I’m so sorry that I’m behind on responding to comments, but thank you, everyone. Your words mean a lot. It really helps to feel like part of a community, and I do.
I’m making it through each new day, some days with more success than others. We were able to spend a weekend at the cottage, which was wonderful – lots of sunshine and quiet, and hours to spend feeling small under a huge curved sky, sitting on the dock with a cup of coffee and my journal. It was exactly what I needed.
Physically, I’m healing well from birth. The engorgement finally seems to have eased up, although I’m ready for let-down to stop. It’s triggered whenever I hear a crying baby in public, which stabs me anew every time. Babies are hard in general, right now.

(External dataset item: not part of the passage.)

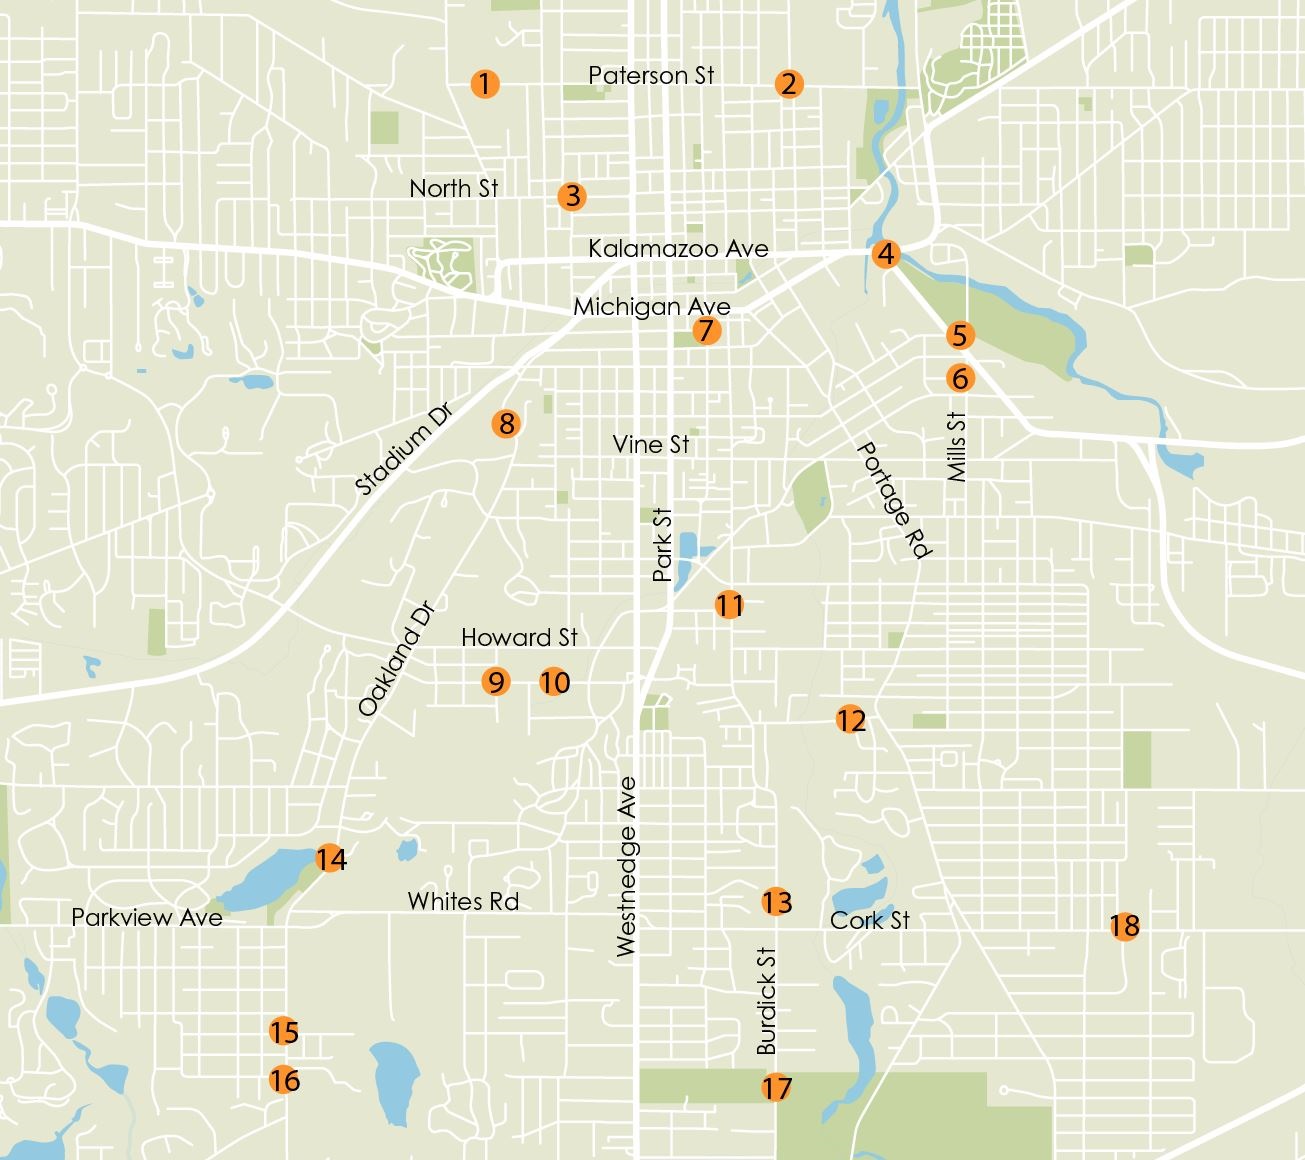 Map showing potential locations for pedestrian refuge islands

I’ve also decided to take some leave from work. In Ontario a woman is still entitled to the pregnancy portion of her maternity leave even if the baby is stillborn, so I can take up to 15 weeks after birth. I just can’t see myself doing my job right now – all those hours taking care of other people’s children. Needing to be totally focused, and patient, and clear minded. All those people who I left while I was round and happy and who are expecting me to come back counting down the last few months before I welcome my baby. I also work with aggressive kids, and kids who run – I need to be on my game or risk myself or someone else getting hurt. It’s too much responsibility and I’m not ready.
Emotionally…well, it is what it is. The team that Lauren manages at work are a lovely bunch and they sent us some flowers yesterday. They included this A.A. Milne quote in the card:
“I don’t feel very much like Pooh today,” said Pooh.
“There there,” said Piglet. “I’ll bring you tea and honey until you do.”
I think that pretty much sums it up, better than I could have said it myself. I don’t feel much like me right now. I’m grateful in every moment for my wife, who doesn’t feel much like herself right now either and brings me tea and honey anyway.